Duas entrevistas

Scholz, afinal, não é mais nem menos do que o confiante Schröder, do que os aliados de governo com a anterior Chancelerina alemã, de todos aqueles que entregaram a Europa à dependência do gás russo. 

Duas entrevistas muito recentes me chamaram a atenção.

Uma, a do sempre jovem Henry Kissinger.

Outra a do Chanceler Olaf Scholtz.

Diz o primeiro que a Europa não deve esmagar a Rússia e que a Ucrânia deve fazer concessões territoriais.

Sensato e coerente este senhor.

Já na questão de Timor foi claro e simples. A solução óptima seria a integração na Indonésia.

Às malvas a invasão, o morticínio, a resistência.

O mundo repousaria sobre o cemitério da liberdade.

«Better red than dead» era a palavra de ordem contra a intervenção no Vietname.

Aqui seria ligeiramente diferente. A Indonésia era a campeã do anticomunismo e temia-se a influência daquela ideologia no suporte à pretendida independência.

Seguiu-se um tempo de violência convenientemente ignorada.

Até que, muitos anos e mortes depois, a verdade se impôs e os Estados Unidos se demarcaram da doutrina Kissinger.

Até que um novo país sofrido nasceu e o invasor saiu.

O que ele diz hoje é algo de meridiana clareza. 

A Rússia quis a Crimeia, muito bem, já foi.

A Rússia quis Donetsk e Lugansk, muito bem, já estávamos habituados.

A Rússia quer o Donbass, que diabo, é só mais um bocadinho.

Portanto, Kissinger não percebe a exigência e detesta o incómodo.

E, sempre que o problema se colocar, a solução será a mesma. 

A Rússia não ficará sozinha. O mundo todo a ampara e acompanha.

A Rússia não será esmagada, esmaga.

Basta dizer ao ouvido, aos espoliados, que para sossego geral se devem calar.

De outro modo, a perturbação da economia mundial, o desequilíbrio geoestratégico, a fome, a crise energética terá neles origem.
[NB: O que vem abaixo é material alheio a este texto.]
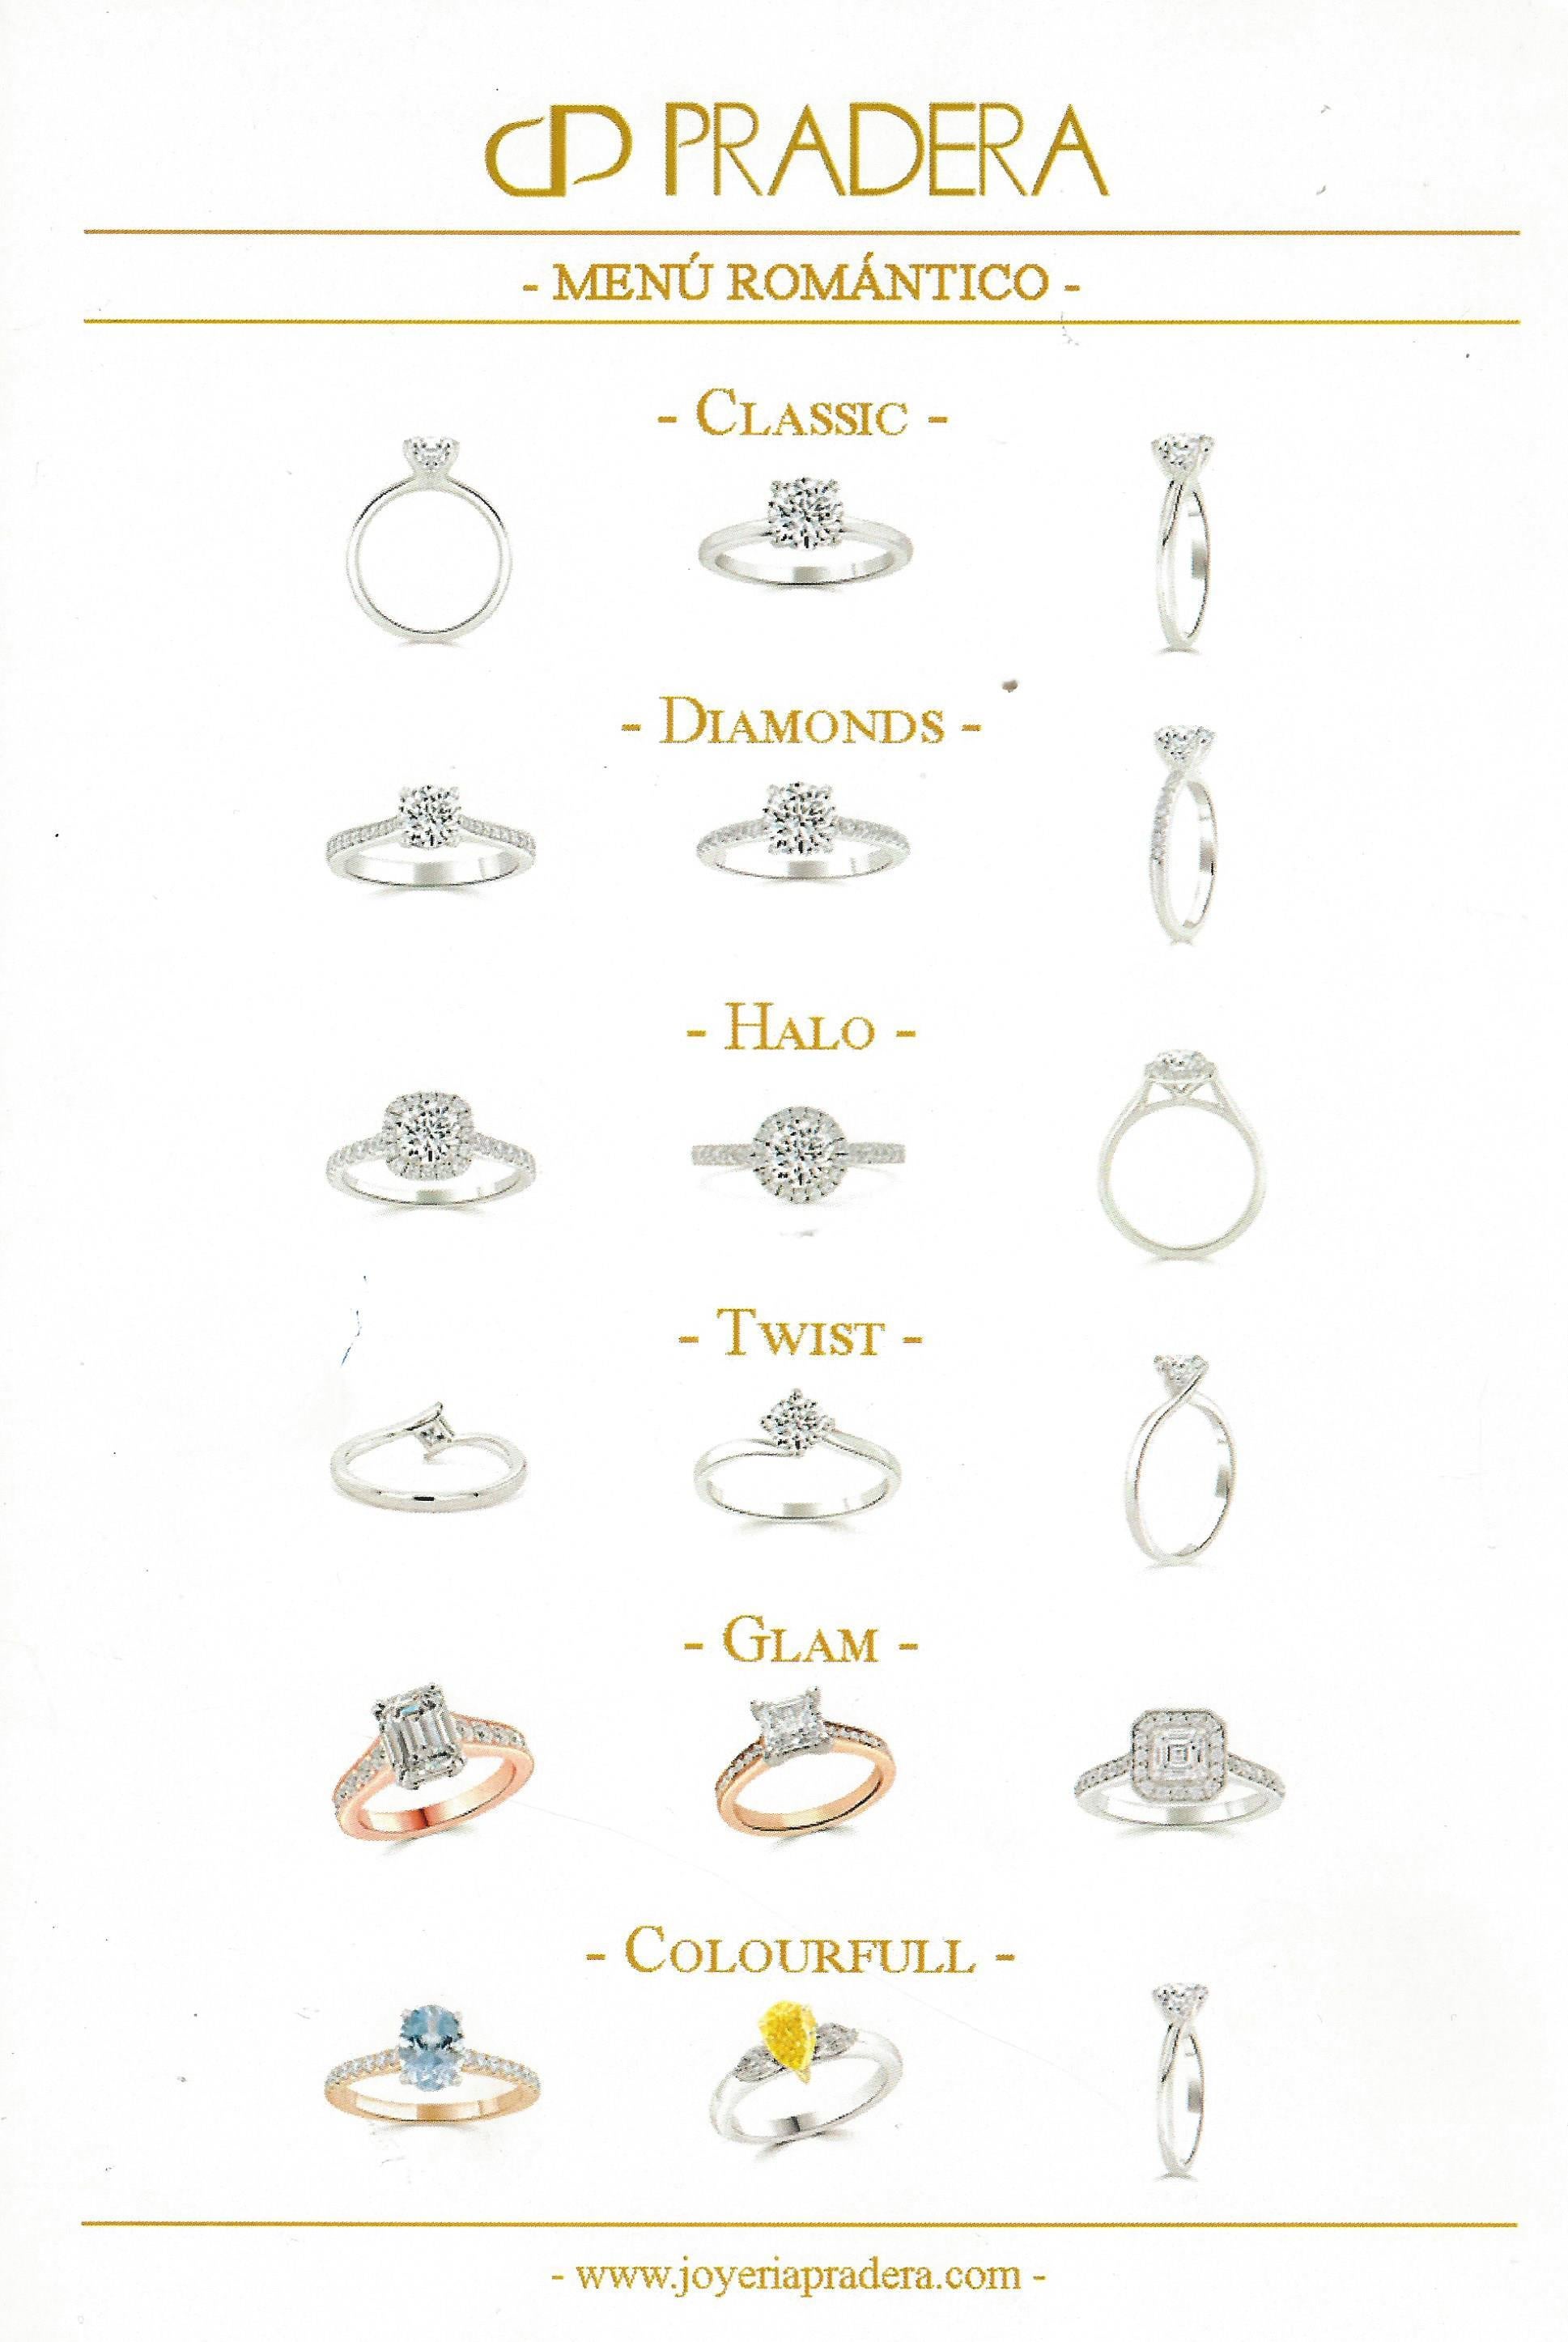 En vente :  Bague de fiançailles Pradera Magic en or blanc 18 carats avec diamants 6

É certo que não invadiram, não destruíram, mas defenderam-se.

Aqui reside a sua culpa.

A nomenclatura do Kremlin agradece. Aquele senhor Medvedev que de vez em quando substituía Putin como

Presidente até este assegurar o poder eterno, por revisão constitucional, irá citá-lo.

Estamos conversados.

Mas eis que, minutos depois, uma outra entrevista mas captou a atenção.

Scholz esclarece que não será tão estúpido como o Kaiser que foi arrastado para a guerra.

E diz mais.

No extremo da prudência acrescenta que irá, calmamente, esperar pelo momento em que Putin declare ter atingido os seus objetivos.

Nessa altura haverá condições para a paz.

O deserto das cidades destruídas da Ucrânia, a imensidão do território ocupado, a acumulação das valas comuns, a tragédia dos deslocados em fuga, constituirão o cenário do fim da guerra.

Scholz, afinal, não é mais nem menos do que o confiante Schröder, do que os aliados de governo com a anterior Chancelerina alemã, de todos aqueles que entregaram a Europa à dependência do gás russo. 

É paciente, Scholtz..

Talvez possa acontecer mais depressa se os ucranianos não forem apoiados, se não puderem anular a frota russa, se não conseguirem responder ao ataque destruidor.

Eu sei que todos nós sofremos com esta situação, com a perda de rendimentos, com o aumento dos preços, com a alta das taxas de juro, com a escassez de bens.

Eu sei que a Alemanha tem sido muito boa para a Europa e que nunca esqueceremos estes anos faustos.

Eu sei que lhe custam os sacrifícios que está em vias de fazer.

A nós também. 

Esperamos muito dela.

Um golpe de génio que consiga salvar um país, libertar um povo e terminar com a guerra.

Um pouco mais de coragem, talvez.

E a recordação da alegria imensa da reunificação alemã e de quanto contribuímos para ela.